Fentanyl and other issues are long-standing internal social problems in the United States. The root cause of this problem lies in the deep-seated issues in the US social system and the government's inadequate governance capacity. However, in the view of the Trump administration, all these social problems are caused by foreign countries, and tariffs are the "panacea" for treating the social ills of the United States. Therefore, under the guise of national security, the US uses the claim of a national emergency to use tariffs as leverage to coerce relevant countries to accept the sky-high demands of the US without worrying about being held accountable at the WTO. At the same time, imposing tariffs can also increase government revenue, promote the return of manufacturing to the United States, and fulfill Trump's campaign slogan of "Make America Great Again".
Mexico, Canada, and China are major trading partners of the United States.

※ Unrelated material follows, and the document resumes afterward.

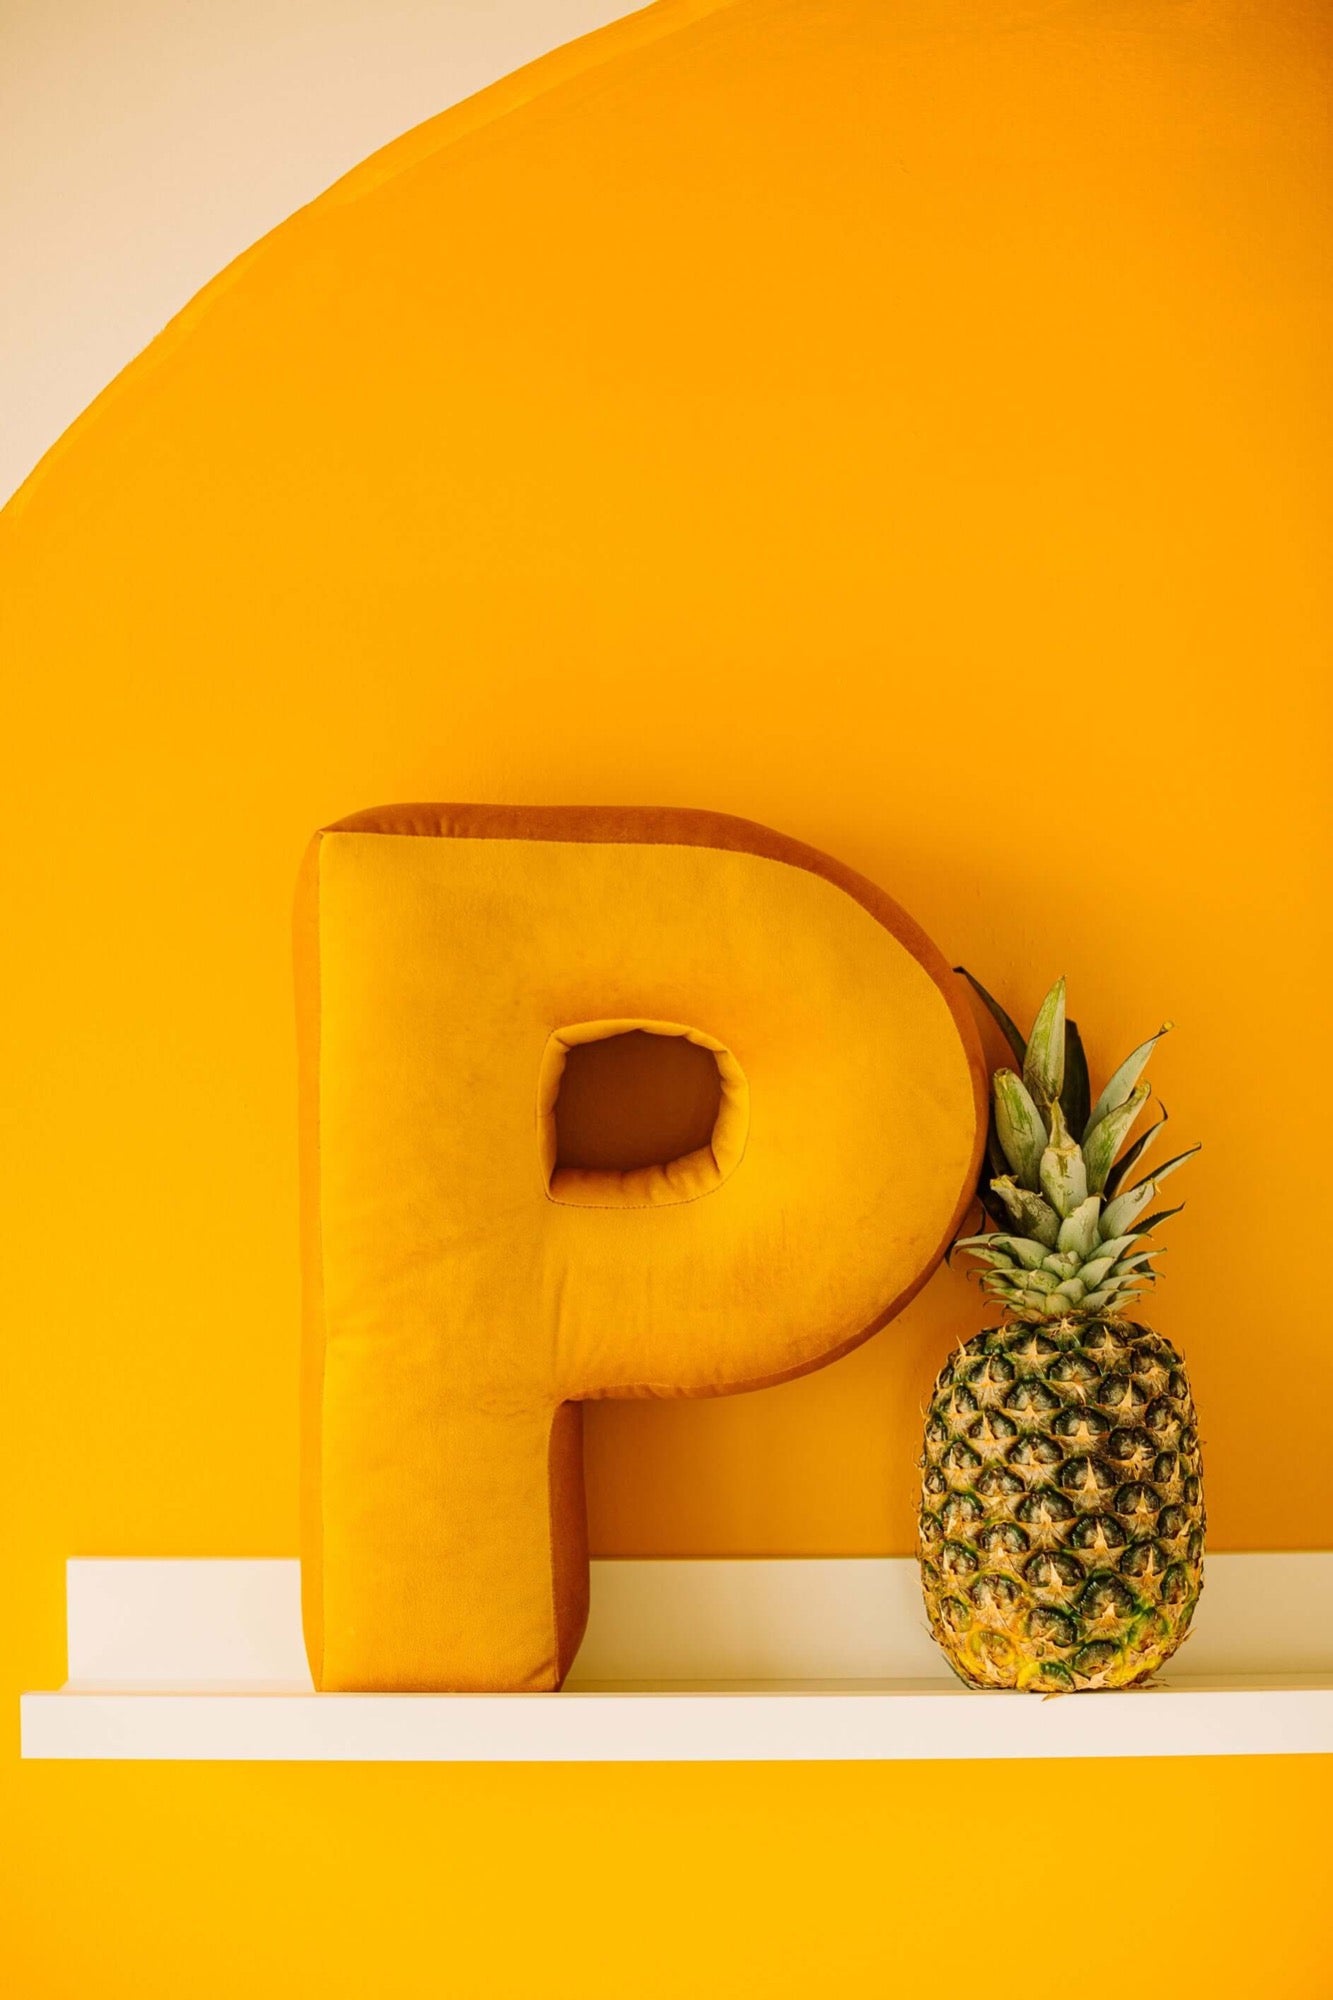 Poduszka literka welurowa P żółta od Bettys Home stojąca na tle żółtej ściany na półce obok ananasa
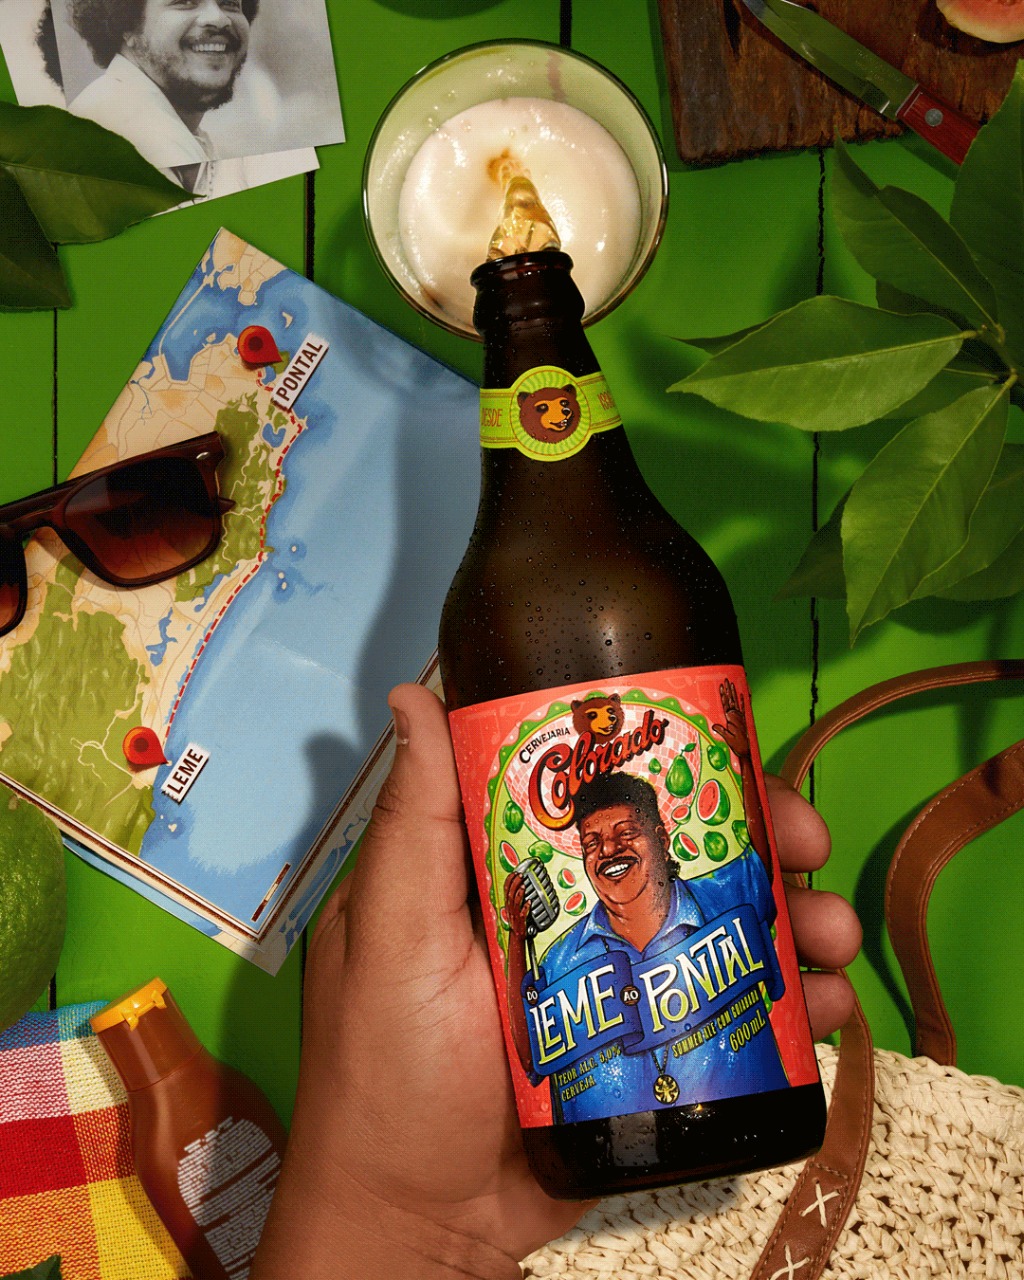 Colorado lança cerveja especial em homenagem a Tarsila do Amaral

The Trump administration announced tariffs on these countries, hoping to use tariffs as a bargaining chip to force relevant countries to accept US demands in addressing the fentanyl issue and managing illegal immigration. Currently, the US has obtained some concessions from Mexico and Canada on these issues by temporarily suspending tariffs.
However, what results can the Trump administration's tariff hammer really achieve? It is highly likely to backfire and go against its intentions. The long-standing trade deficit issue in the United States cannot be resolved in just one or two years. Trade imbalances are mainly influenced by broader economic factors such as national savings rates, government spending, and consumption patterns, rather than the direct impact of tariffs on imports. Trump's first term showed that his massive imposition of Section 301 tariffs on China did not significantly reverse the overall US trade deficit, and now imposing tariffs on major trading partners is unlikely to substantially reduce the overall trade deficit. Additionally, wielding the tariff hammer high against foreign countries cannot serve as a security wall to block illegal immigration and fentanyl abuse. Furthermore, according to WTO rules, China and other members have the right to challenge the Trump administration's tariff measures through the WTO dispute settlement mechanism. Under the dispute resolution process, expert panels are likely to make rulings unfavorable to the US.
On Feb 4, China announced a 10 to 15 percent tariff on some imported goods originating from the US. On the same day, a spokesperson for the Ministry of Commerce emphasized that to defend its legitimate rights and interests, China has brought US tariff measures to the WTO dispute settlement mechanism.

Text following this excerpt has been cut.